Please reproduce all of the listing below exactly and drop its images.

[Data extract]
====================

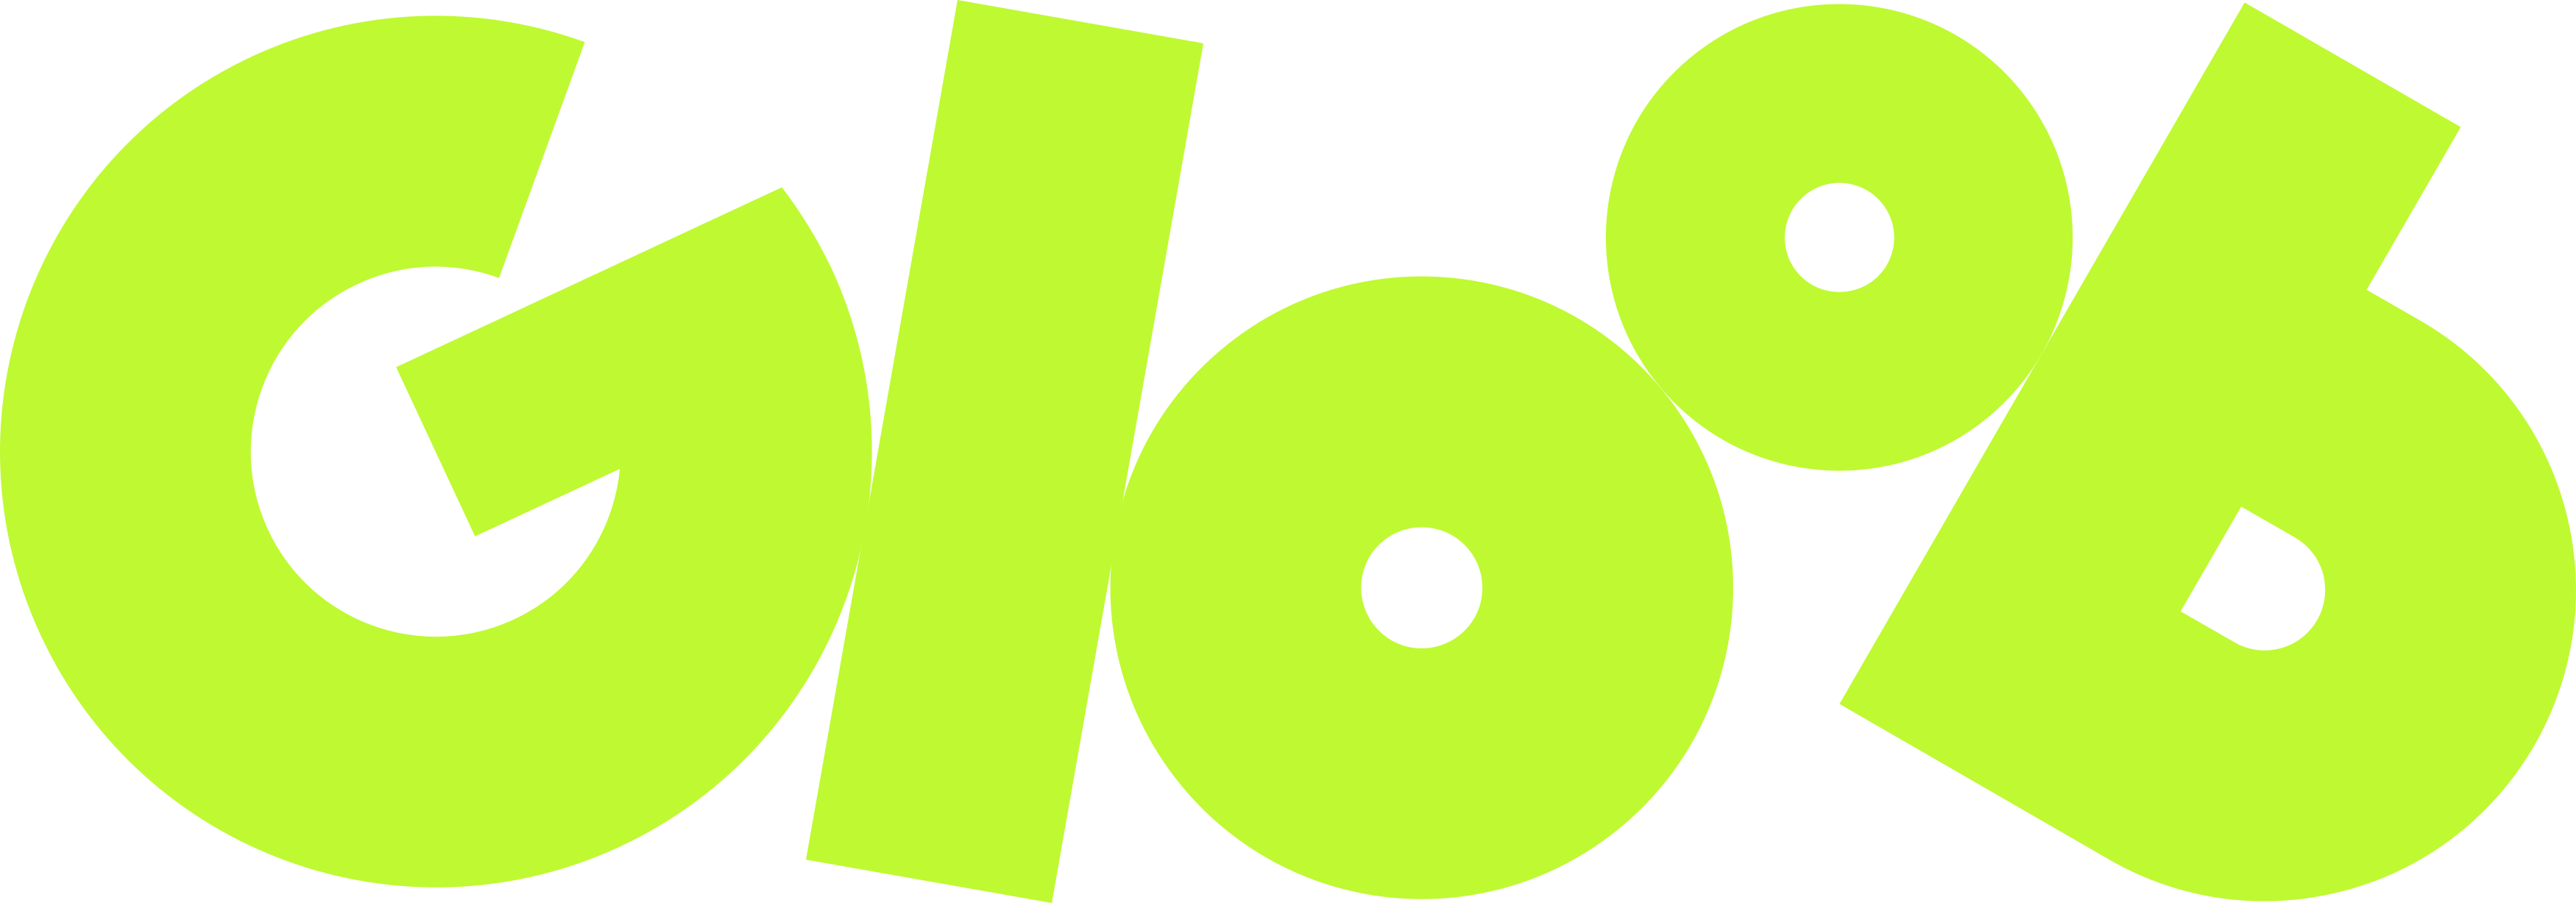 Gloob Logo - Canal Gloob Logo - PNG e Vetor - Download de Logotipos
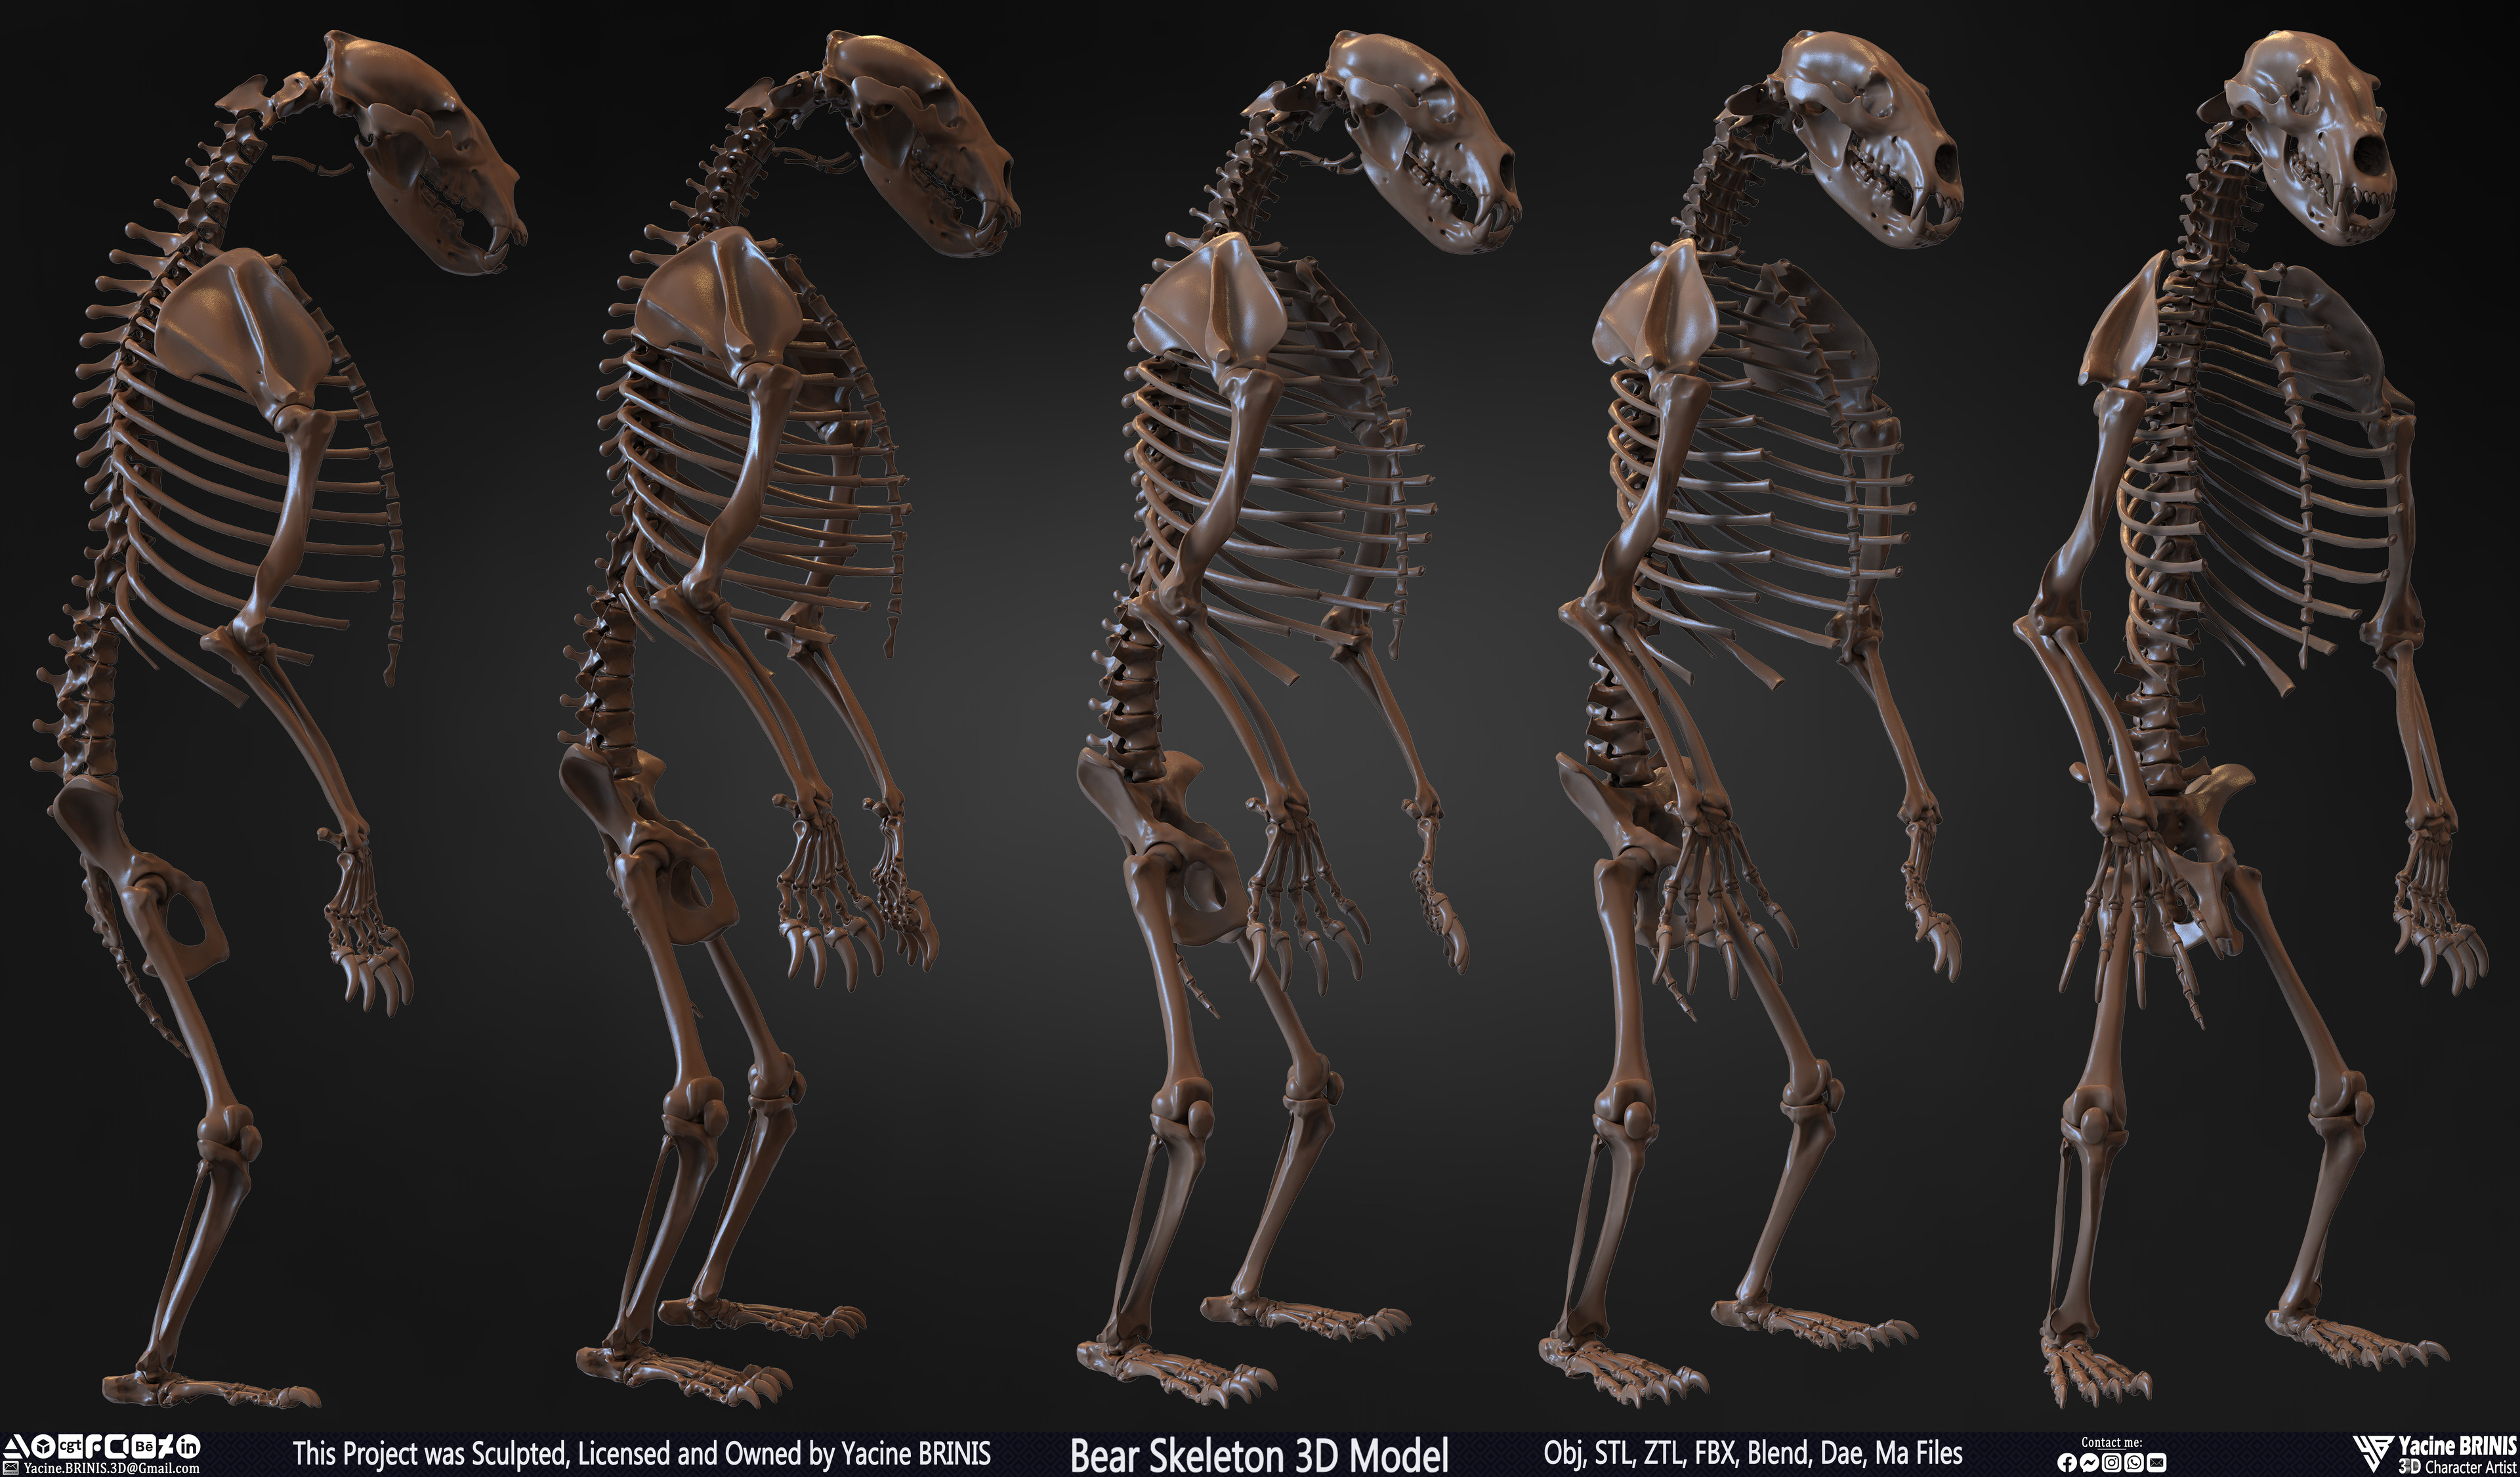 Bear Skeleton 3D Model Sculpted by Yacine BRINIS Set 004
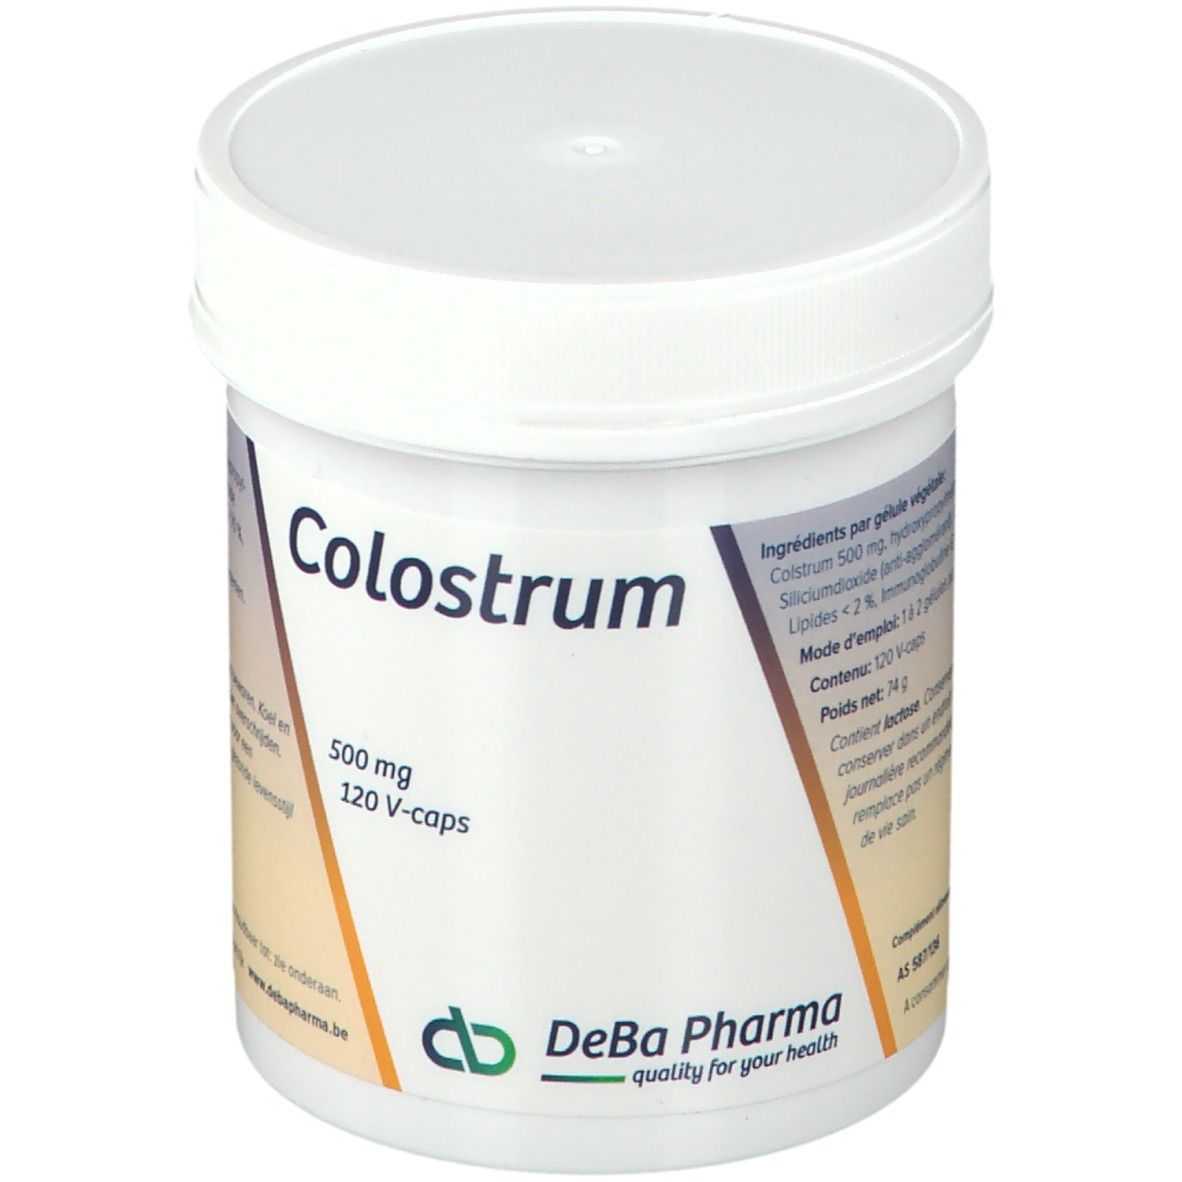 DeBa Pharma Colostrum 500 mg

====================

[Solution to this problem]
 Gloob Logo - Canal Gloob Logo - PNG e Vetor - Download de Logotipos
 Bear Skeleton 3D Model Sculpted by Yacine BRINIS Set 004
 DeBa Pharma Colostrum 500 mg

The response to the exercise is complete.